我现在尝试扩展脚本的功能,从一列csv文件中读取多个URL,目前我的输入文件有以下URL:https://dockets.justia.com/search?parties=Agfa&cases=between&sort-by-last-update=false&after=2015-1-1&before=2015-1-1&before=2023-3-27 https://dockets.justia.com/search?parties=Aggregate+Industries+Management&cases=between&sort-by-last-update=false&after=2015-1-1&before=2015-1-1&before=2023-3-27 https://dockets.justia.com/search?parties=Agility+Fuel+Solutions&cases=between&sort-by-last-update=false&after=2015-1-1&before=2015-1-1&before=2023-3-27 https://dockets.justia.com/search?parties=Agrana&cases=between&sort-by-last-update=false&after=2015-1-1&before=2015-1-1&before=2023-3-27 https://dockets.justia.com/search?parties=Agtek+Development&cases=between&sort-by-last-update=false&after=2015-1-1&before=2015-1-1&before=2023-3-27 https://dockets.justia.com/search?parties=Ahead&cases=between&sort-by-last-update=false&after=2015-1-1&before=2015-1-1&before=2023-3-27 https://dockets.justia.com/search?parties=Ahold&cases=between&sort-by-last-update=false&after=2015-1-1&before=2015-1-1&before=2023-3-27
如何让我的脚本从csv文件中读取这些URL;然后使用这些URL捕获/提取/抓取这些html页面中的案例URL。<div class="has-padding-content-block-30 -zb"> <a href="https://dockets.justia.com/docket/illinois/ilndce/1:2017cv02145/337903" class="case-name"><strong>RAH Color Technologies LLC v. Agfa Gevaert N V et al</strong></a>
我只需要它像当前脚本一样打印到控制台。
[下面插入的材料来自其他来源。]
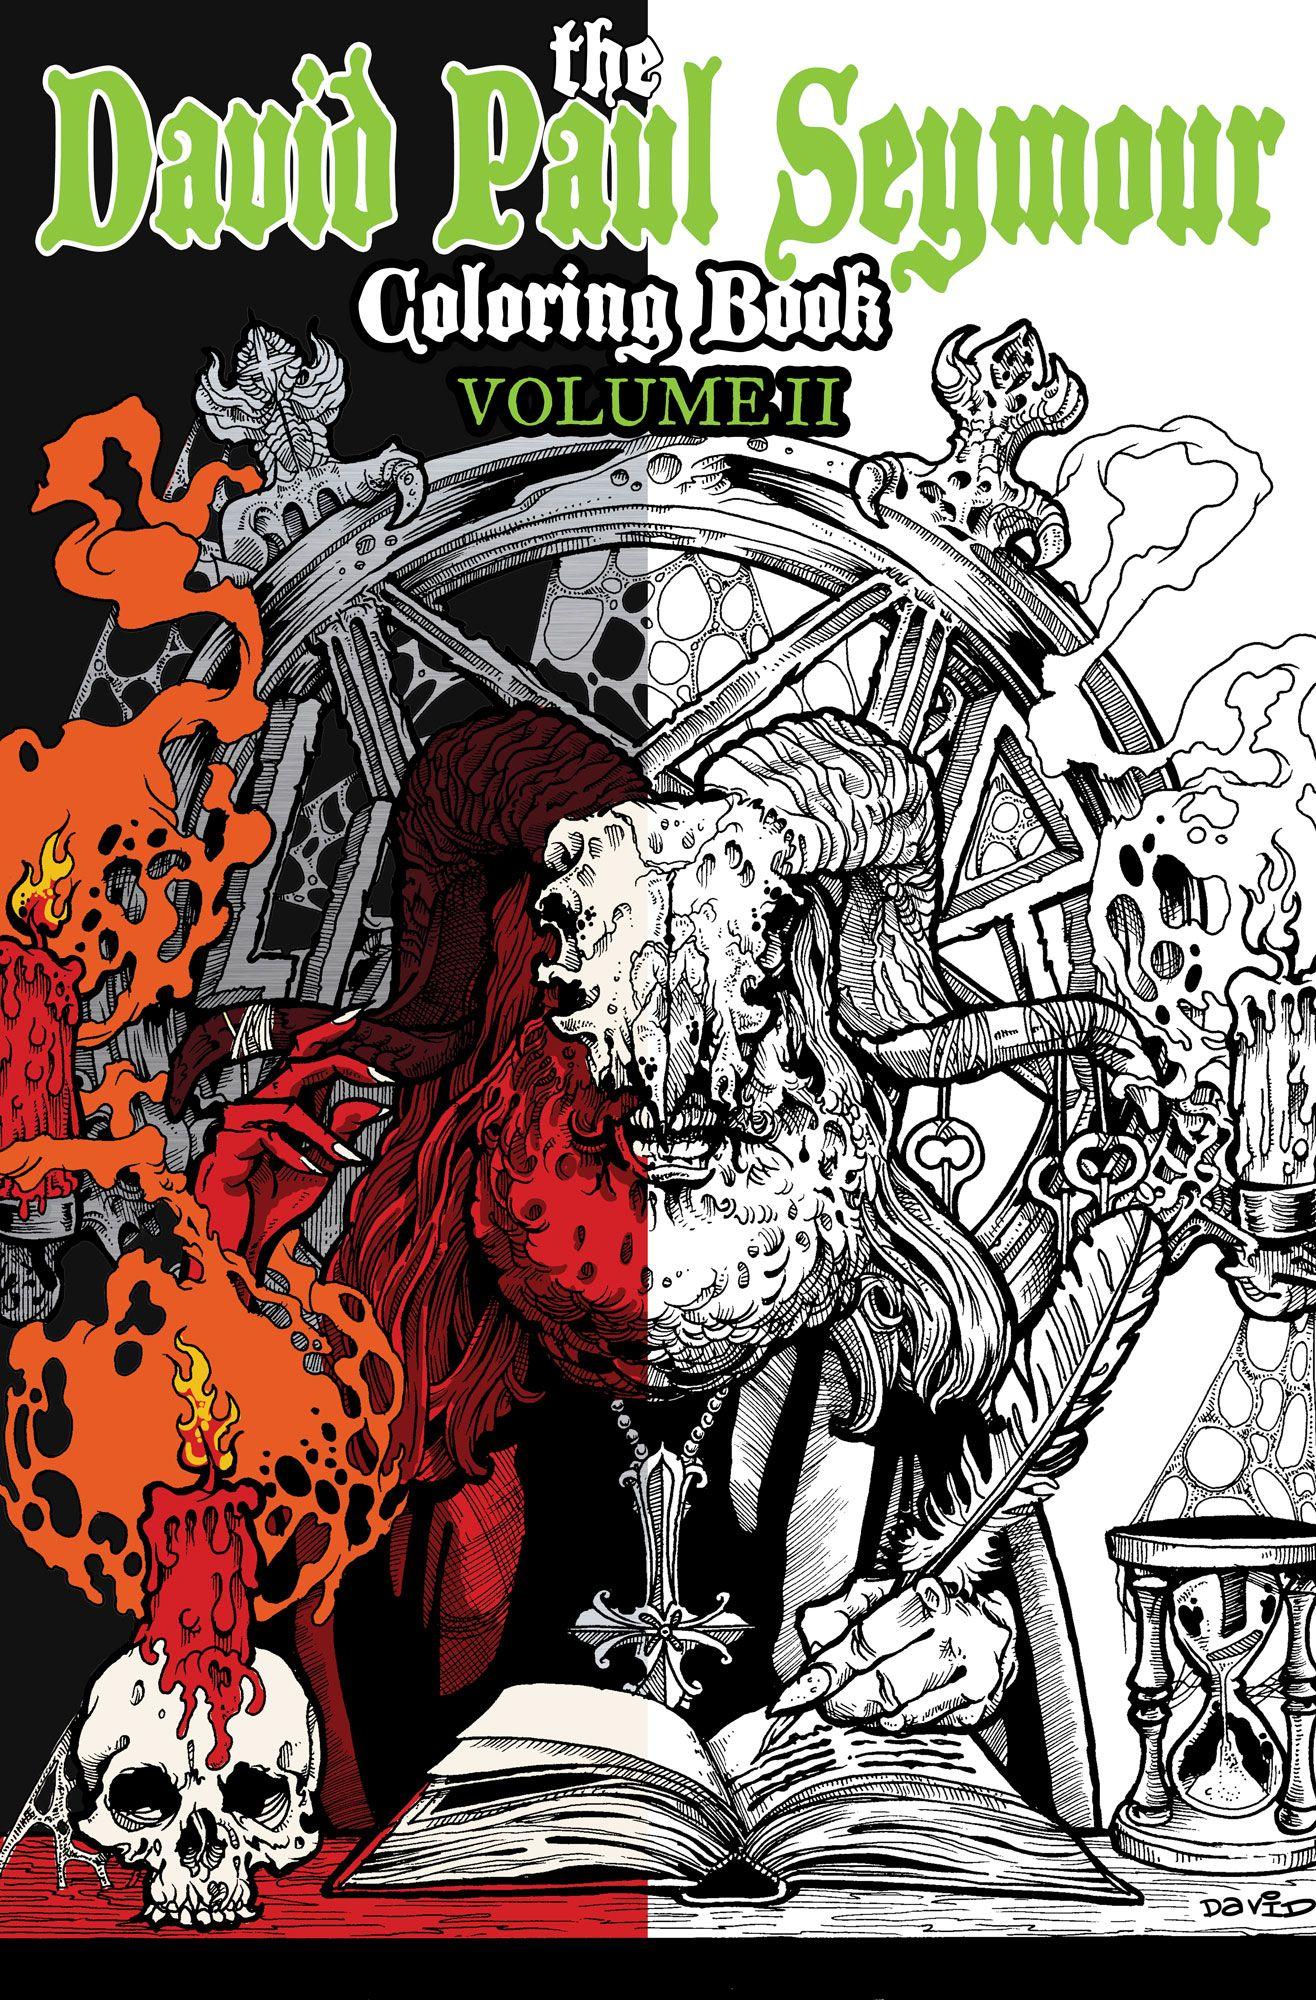 David Paul Seymour Heavy Metal Adult Coloring Book VOLUME II from
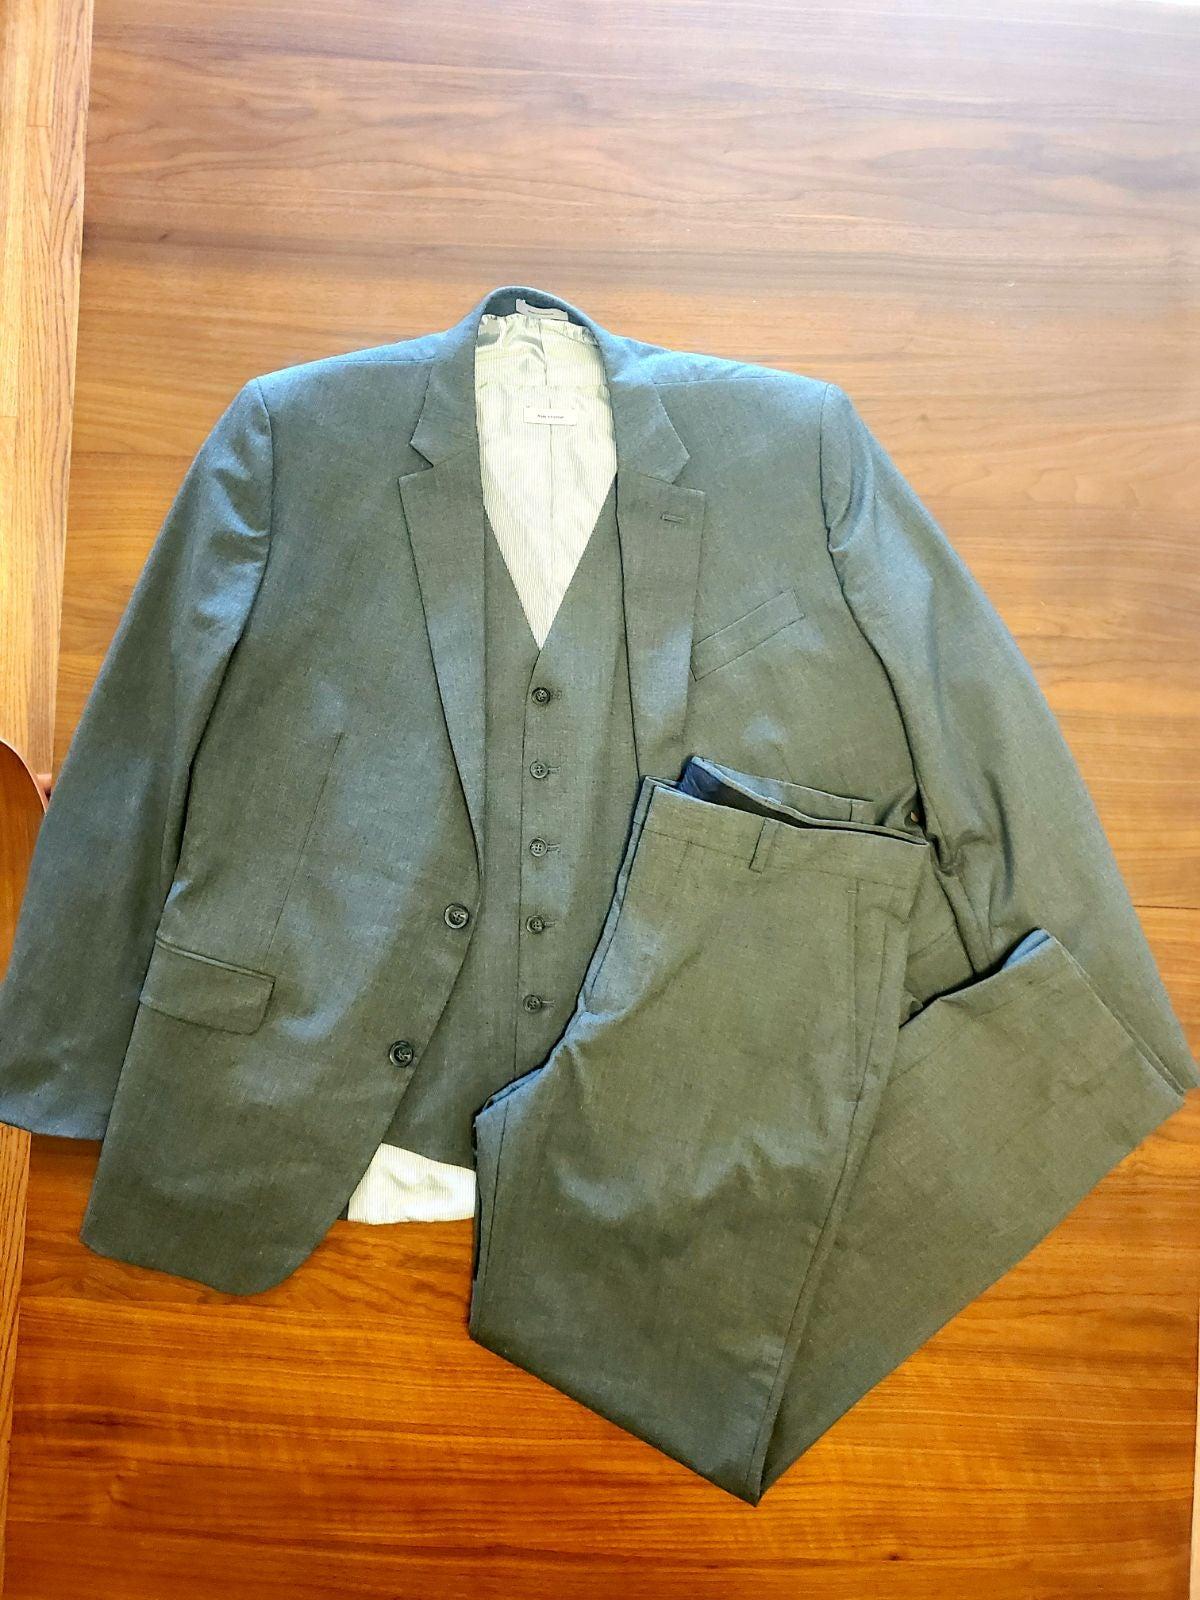 3 Piece Men's Gray Suit

我希望这是对我的困境的合理清晰的描述。
这是我当前状态下的脚本:
from aiohttp import ClientSession
from pyuseragents import random
from bs4 import BeautifulSoup
from asyncio import run
class DocketsJustia:
def __init__(self):
self.headers = {
'authority': 'dockets.justia.com',
'accept': 'text/html,application/xhtml+xml,application/xml;q=0.9,image/avif,image/webp,image/apng,*/*;q=0.8,application/signed-exchange;v=b3;q=0.7',
'accept-language': 'en-US,en;q=0.5',
'cache-control': 'max-age=0',
'referer': 'https://dockets.justia.com/search?parties=Agfa&cases=between&sort-by-last-update=false&after=2015-1-1&before=2023-3-27',
'user-agent': random(),
}
self.PatchFile = "nametxt.txt"
async def Parser(self, session):
count = 1
while True:
params = {
'parties': 'Agfa',
'page': f'{count}',
}
async with session.get(f'https://dockets.justia.com/search?parties=Agfa&cases=between&sort-by-last-update=false&after=2015-1-1&before=2023-3-27&page={count}',
params=params) as response:
links = BeautifulSoup(await response.text(), "lxml").find_all("div", {
"class": "has-padding-content-block-30 -zb"})
for link in links:
try:
case_link = link.find("a", {"class": "case-name"}).get("href")
case_number = link.find("span", {"class": "citation"}).text
print(case_number + "\t" + case_link + "\n")
with open(self.PatchFile, "a", encoding='utf-8') as file:
file.write(case_number + "\t" + case_link + "\n")
except:
pass
count += 1
async def LoggerParser(self):
async with ClientSession(headers=self.headers) as session:
await self.Parser(session)
def StartDocketsJustia():
run(DocketsJustia().LoggerParser())
if __name__ == '__main__':
StartDocketsJustia()
正如建议的那样,但我得到了一个SyntaxError:
from aiohttp import ClientSession
from pyuseragents import random
from bs4 import BeautifulSoup
from asyncio import run
class DocketsJustia:
def __init__(self):
self.headers = {
'authority': 'dockets.justia.com',
'accept': 'text/html,application/xhtml+xml,application/xml;q=0.9,image/avif,image/webp,image/apng,*/*;q=0.8,application/signed-exchange;v=b3;q=0.7',
'accept-language': 'en-US,en;q=0.5',
'cache-control': 'max-age=0',
'referer': 'https://dockets.justia.com/search?parties=Agfa&cases=between&sort-by-last-update=false&after=2015-1-1&before=2023-3-27',
'user-agent': random(),
}
self.PatchFile = "nametxt.txt"
# old line: async def Parser(self, session):
async def Parser(selfself, session, searchUrl):
count = 1
while True:
params = {
'parties': 'Agfa',
'page': f'{count}',
}
async with session.get(searchUrl, params=params as response:
links = BeautifulSoup(await response.text(), "lxml").find_all("div", {
"class": "has-padding-content-block-30 -zb"})
for link in links:
try:
case_link = link.find("a", {"class": "case-name"}).get("href")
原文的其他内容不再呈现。